# Import libraries

In [1]:
import os
import pandas as pd
import random
random.seed(1)
import argparse
from copy import deepcopy
from alipy import ToolBox
from alipy.index import IndexCollection
from tqdm import tqdm
from xgboost import XGBClassifier

pd.set_option('display.max_columns', None)
pd.set_option('display.max_rows', None)

# define model parameters for AL
parser = argparse.ArgumentParser(description='Active learning for thermal preference')
parser.add_argument('--num_bagging', type=int, default=5)
parser.add_argument('--input_features', type=list, default=['Mode',
                                                            'Indoor Temp',
                                                            'Indoor Humidity',
                                                            'Air Velocity',
                                                            'Globe Temperature',
                                                            'Outdoor Temp',
                                                            'Outdoor Humidity'])
args = parser.parse_args(args=[])

# Load BCA and ASHRAE datasets

In [2]:
bca_thermalpref = pd.read_csv('data/bca_thermalpref_unsampled_data.csv')
bca_thermalacc = pd.read_csv('data/bca_thermalacc_unsampled_data.csv')
bca_airpref = pd.read_csv('data/bca_airpref_unsampled_data.csv')

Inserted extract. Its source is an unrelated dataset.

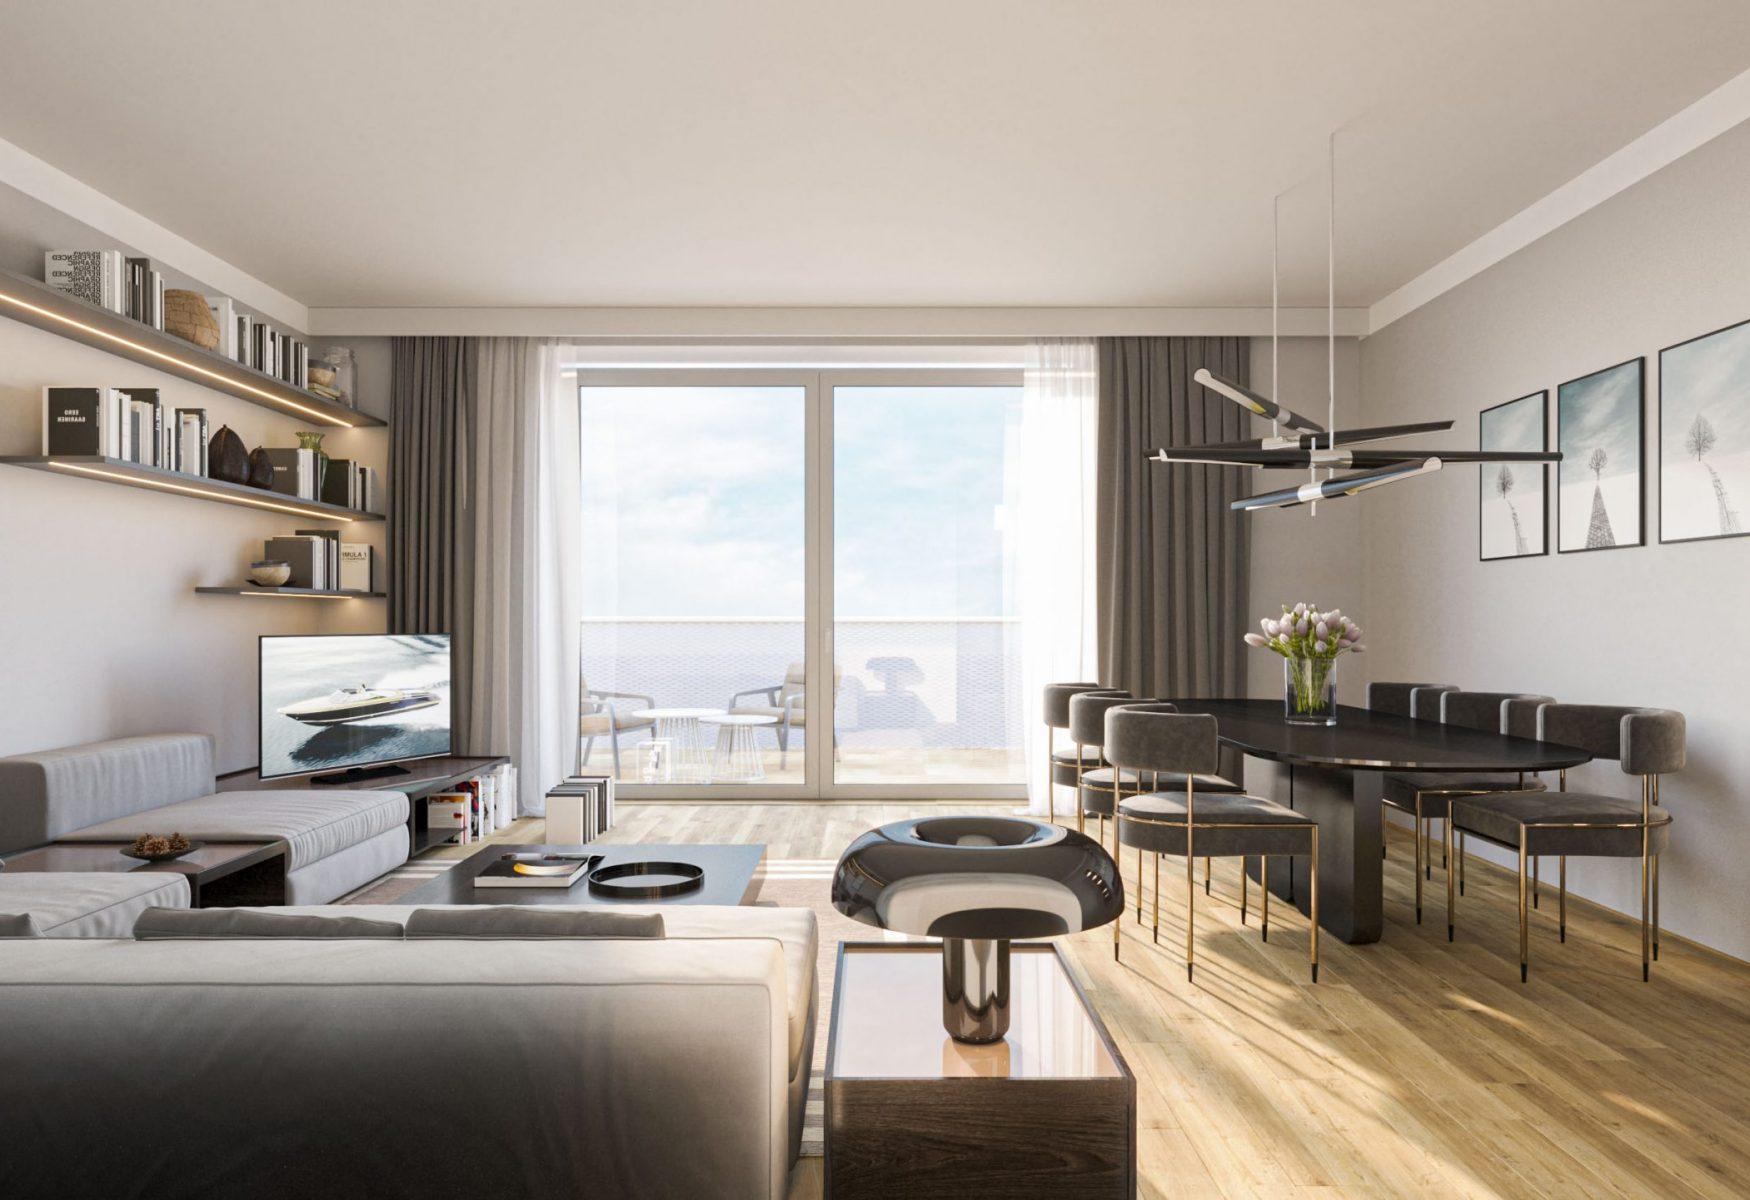 milara-srl-gruppo-postiglione-societa-di-costruzioni-e-vendita-appartamenti-immobili-residenziali-commerciali-cr53-f4-torre-nuova-torrione-salone-doppio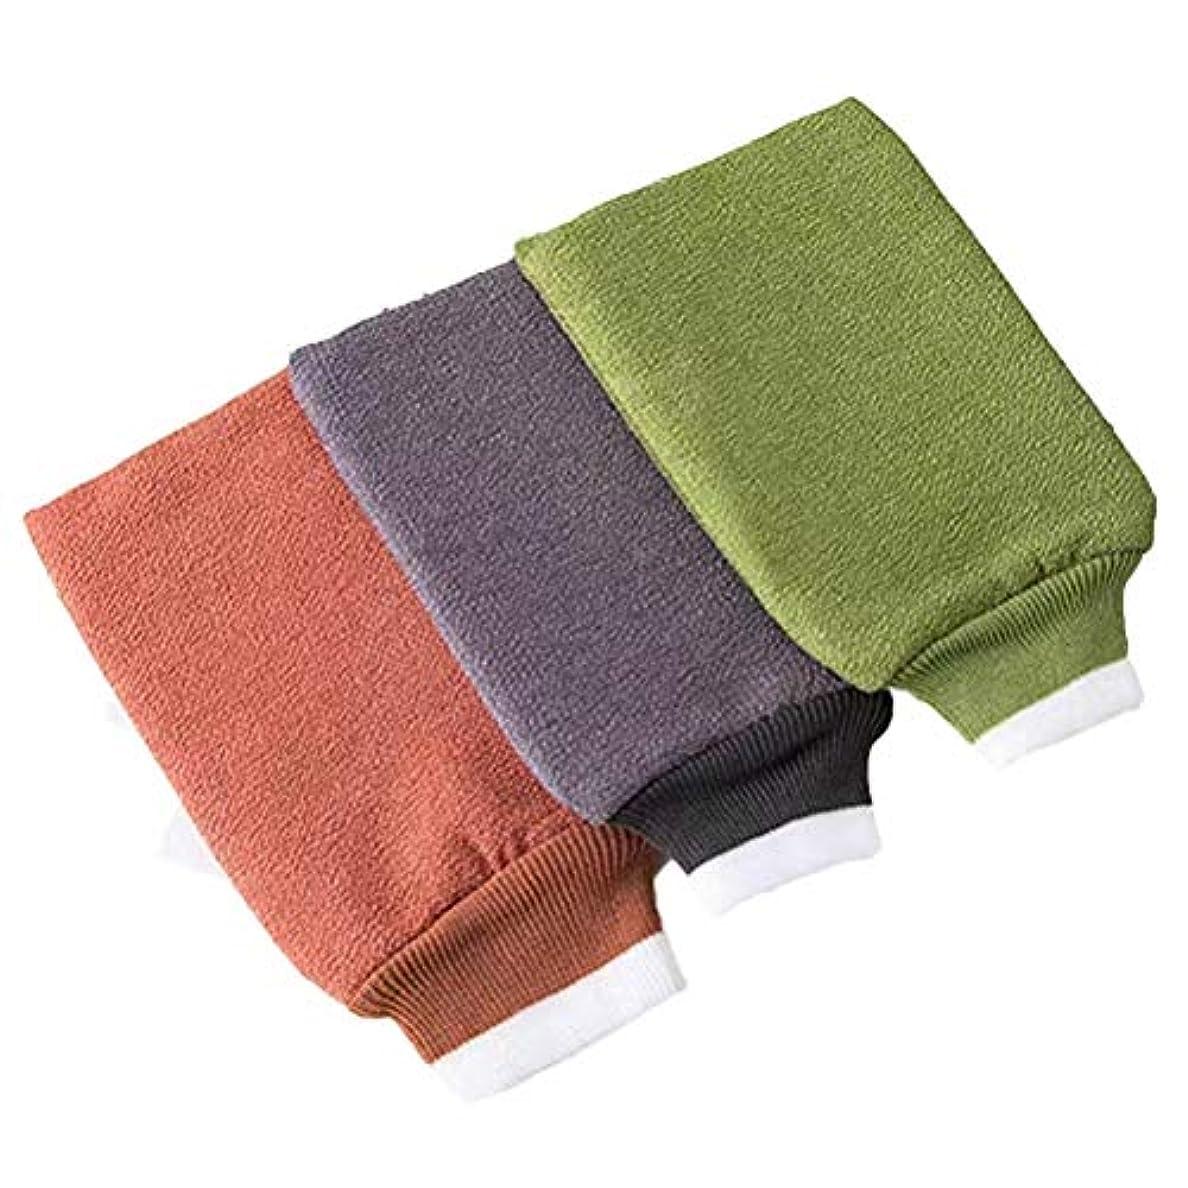 フィールドフォーク促進するTOPBATHY 6ピースバスウォッシュタオル剥離バスグローブバックスクラバーデュアルサイドバスタオル用ボディ用入浴シャワースパブラシ

ashrae_thermalpref = pd.read_csv('data/ashrae_thermalpref_sampled_data.csv')
ashrae_thermalacc = pd.read_csv('data/ashrae_thermalacc_sampled_data.csv')
ashrae_airpref = pd.read_csv('data/ashrae_airpref_sampled_data.csv')

In [3]:
bca_thermalpref.head()

Unnamed: 0,Mode,Indoor Temp,Indoor Humidity,Air Velocity,Globe Temperature,Outdoor Temp,Outdoor Humidity,Thermal Preference,User Id,Condition
0,AC,26.224357,78.84082,0.53,27.35,83.0,73.0,No Change,1.0,2.0
1,AC,26.224357,78.84082,0.53,27.35,83.0,73.0,Cooler,2.0,2.0
2,AC,26.224357,78.84082,0.53,27.35,83.0,73.0,No Change,4.0,2.0
3,AC,26.224357,78.84082,0.53,27.35,83.0,73.0,Cooler,5.0,2.0
4,AC,26.224357,78.84082,0.53,27.35,83.0,73.0,Cooler,6.0,2.0


In [4]:
bca_thermalacc.head()

Unnamed: 0,Mode,Indoor Temp,Indoor Humidity,Air Velocity,Globe Temperature,Outdoor Temp,Outdoor Humidity,Thermal Acceptability,User Id,Condition
0,AC,26.224357,78.84082,0.53,27.35,83.0,73.0,Acceptable,1.0,2.0
1,AC,26.224357,78.84082,0.53,27.35,83.0,73.0,Acceptable,2.0,2.0
2,AC,26.224357,78.84082,0.53,27.35,83.0,73.0,Acceptable,4.0,2.0
3,AC,26.224357,78.84082,0.53,27.35,83.0,73.0,Unacceptable,5.0,2.0
4,AC,26.224357,78.84082,0.53,27.35,83.0,73.0,Acceptable,6.0,2.0


In [5]:
bca_airpref.head()

Unnamed: 0,Mode,Indoor Temp,Indoor Humidity,Air Velocity,Globe Temperature,Outdoor Temp,Outdoor Humidity,Air Movement Preference,User Id,Condition
0,AC,26.224357,78.84082,0.53,27.35,83.0,73.0,No Change,1.0,2.0
1,AC,26.224357,78.84082,0.53,27.35,83.0,73.0,No Change,2.0,2.0
2,AC,26.224357,78.84082,0.53,27.35,83.0,73.0,No Change,4.0,2.0
3,AC,26.224357,78.84082,0.53,27.35,83.0,73.0,More,5.0,2.0
4,AC,26.224357,78.84082,0.53,27.35,83.0,73.0,More,6.0,2.0


In [6]:
bca_thermalpref['Condition'].unique()

array([ 2.,  1.,  4., 16., 17., 19., 18.,  3.])

In [7]:
bca_thermalpref['Mode'].unique()

array(['AC', 'NV'], dtype=object)

# Perform data sampling for training and validation purposes

## Randomly sample 15 labelled instances per participant from BCA dataset for validation purposes

In [8]:
def train_test_split(data, target_col):
    """
    Splits the thermal comfort data into training and test sets by randomly
    sampling 10 labelled instances for each unique user for validation while
    the rest of the labelled instances are for training purposes.
    Users who have less than 20 labelled instances are dropped.
    
    Parameters:
        data: The dataframe containing thermal comfort data collected from BCA.
        target_col: The substring indicating the target column.
    
    Return:
        train_data: The training datset
        test_data: The test dataset
    """
    if os.path.exists(f'data/bca_{target_col}_train_data.csv') and \
        os.path.exists(f'data/bca_{target_col}_test_data.csv'):
        train_data = pd.read_csv(f'data/bca_{target_col}_train_data.csv')
        test_data = pd.read_csv(f'data/bca_{target_col}_test_data.csv')
        return train_data, test_data
    
    test_data = pd.DataFrame()
    train_data = pd.DataFrame()
    for user in data['User Id'].unique():
        user_df = data[data['User Id'] == user]
        user_df = user_df.sample(frac=1).reset_index(drop=True)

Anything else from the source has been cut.